Postmortem Analysis of Myocardial Infarct Size
At the conclusion of the study, the occluded/reperfused vascular bed and the infarct were identified by postmortem perfusion of the heart with triphenyltetrazolium and Phthalo blue dye, as described previously.9 Infarct size was calculated by computerized videoplanimetry.9
Measurement of Myocardial BH4
Myocardial BH4 content was determined by reverse-phase HPLC, as described previously.13
Statistical Analysis
Data are reported as mean±SEM. Measurements were analyzed with a 1-way or 2-way repeated-measures ANOVA, as appropriate, followed by paired or unpaired Student t tests with the Bonferroni correction. The relationship between infarct size and risk region size was compared among groups with an ANCOVA that used the size of the risk region as the covariate.9
Results
Exclusions
A total of 125 conscious rabbits were used. Seventeen of the 60 rabbits used for study I were excluded: 7 (2 each in groups I, II, and III and 1 in group IV) died of ventricular fibrillation during the 30-minute coronary occlusion, and 10 (3 in group III, 2 each in groups I, II, and IV and 1 in group VII) were excluded because of malfunction of the balloon occluder. Therefore, 9 rabbits in group IV, 8 each in groups I and II, 7 in group III, all 6 in group VI, and 5 in group VII completed the experimental protocol.

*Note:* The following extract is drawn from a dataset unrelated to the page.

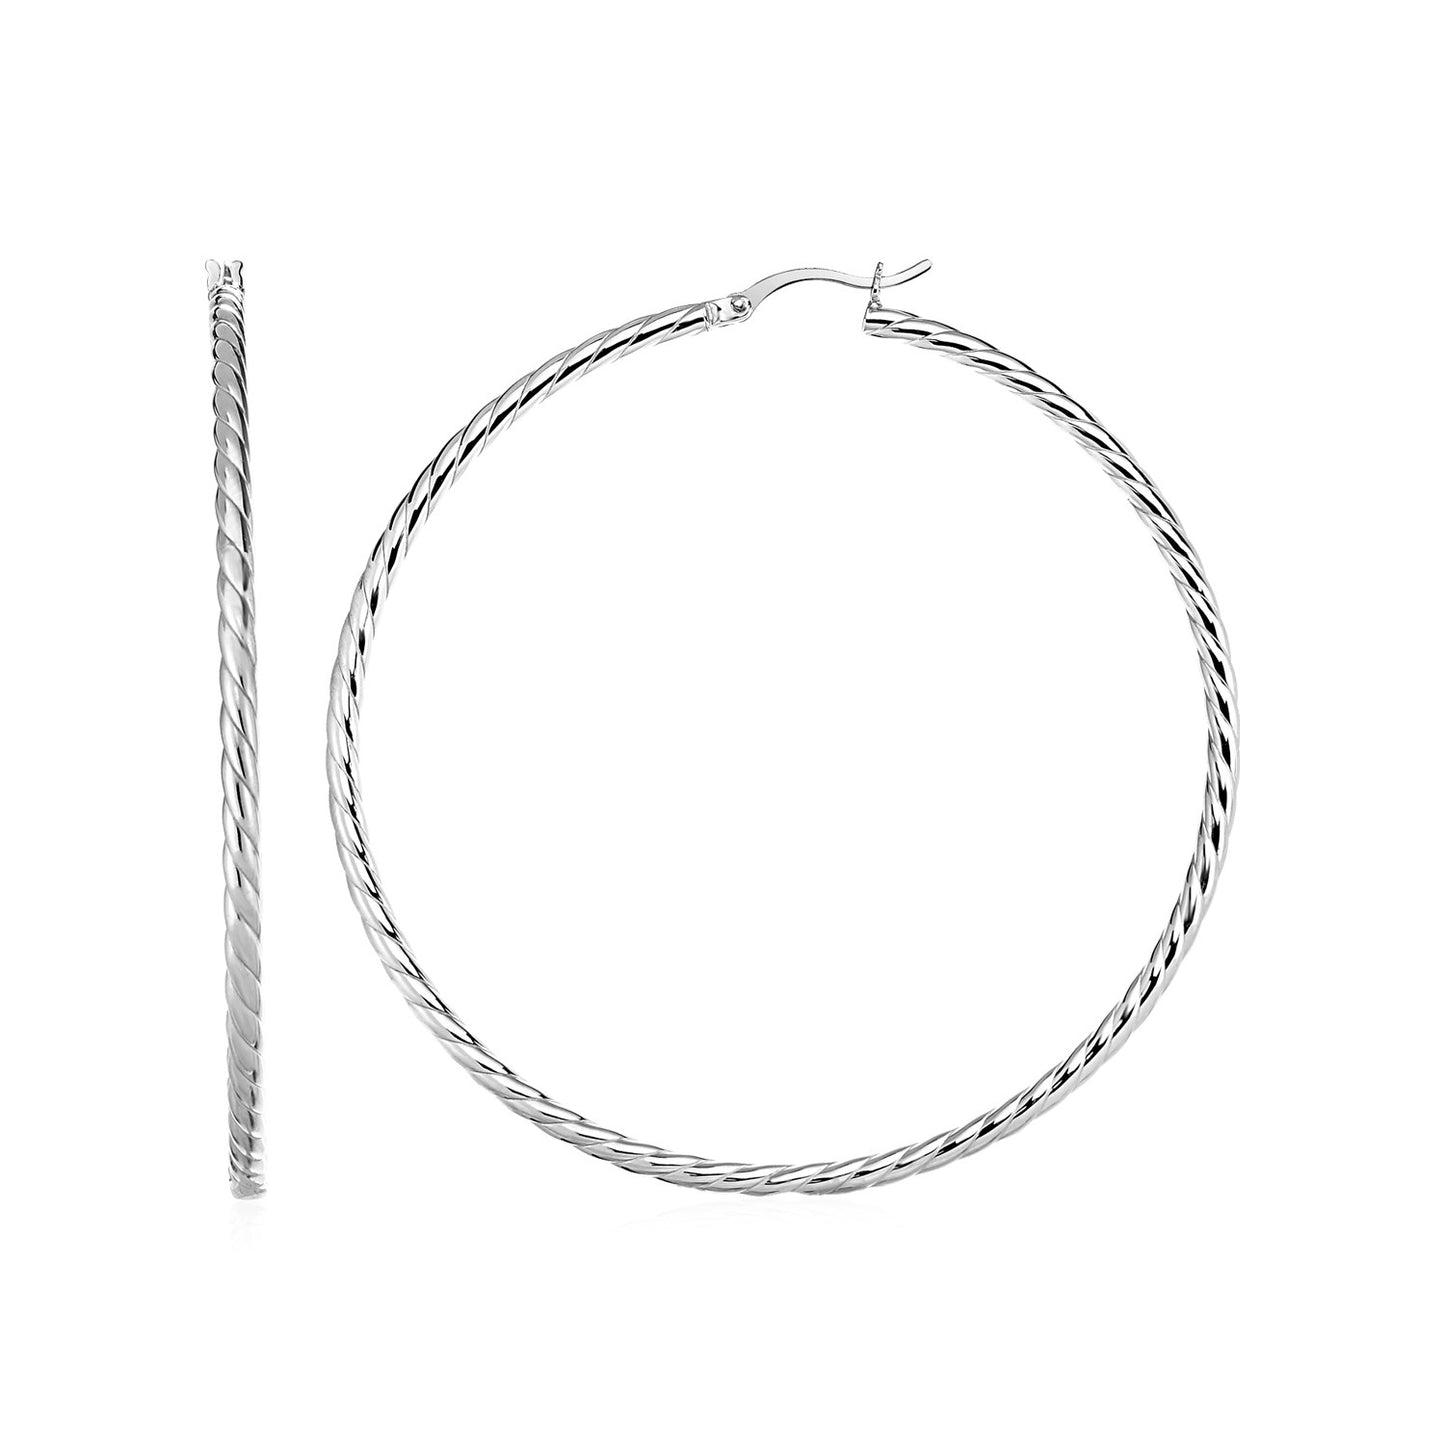 Hoop Earrings with Twist Texture in Sterling Silver
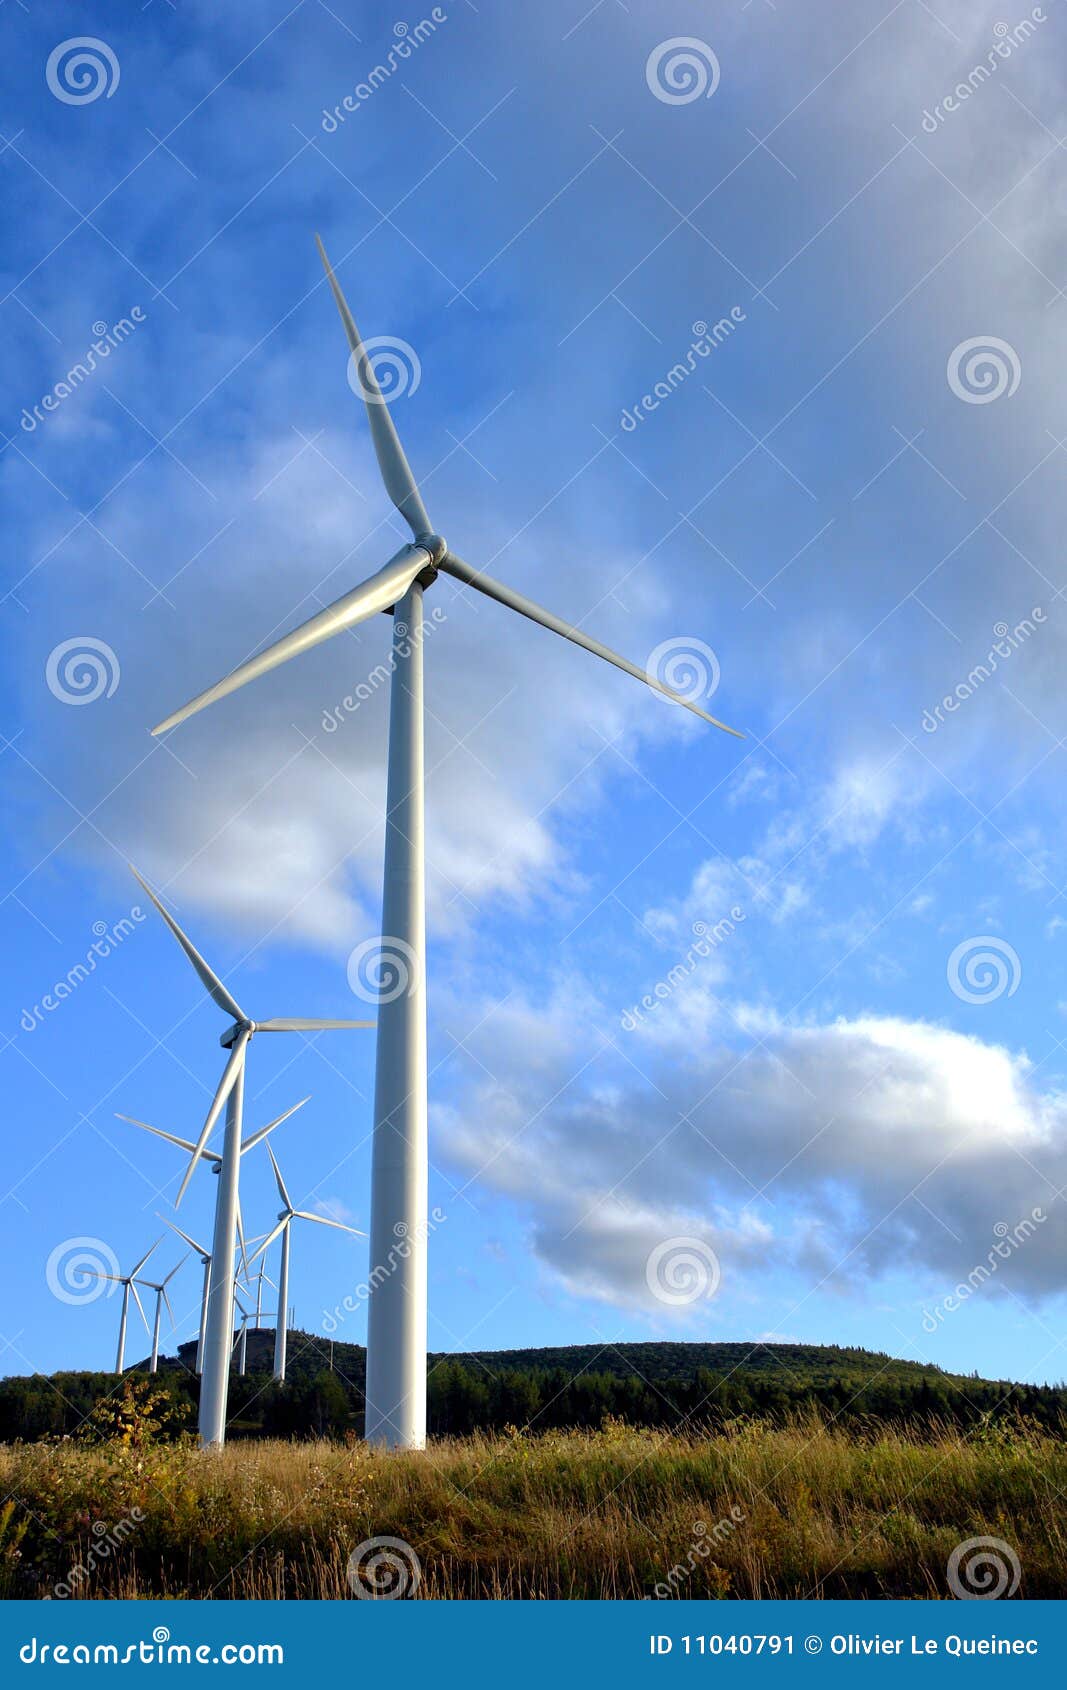 Wind Turbine Farm With Windmill Turbines Stock Image - Image: 11040791

Eleven of the 65 rabbits used for study II were excluded: 8 (2 each in groups VIII, XI, and XII and 1 each in groups IX and X) died of ventricular fibrillation during the 30-minute coronary occlusion, and 3 (1 each in groups IX, X, and XI) were excluded because of malfunction of the balloon occluder. Therefore, 8 rabbits in groups VIII, IX, X, and XII, 7 in group XI, and all 5 in groups XIII, XIV, and XV completed the experimental protocol.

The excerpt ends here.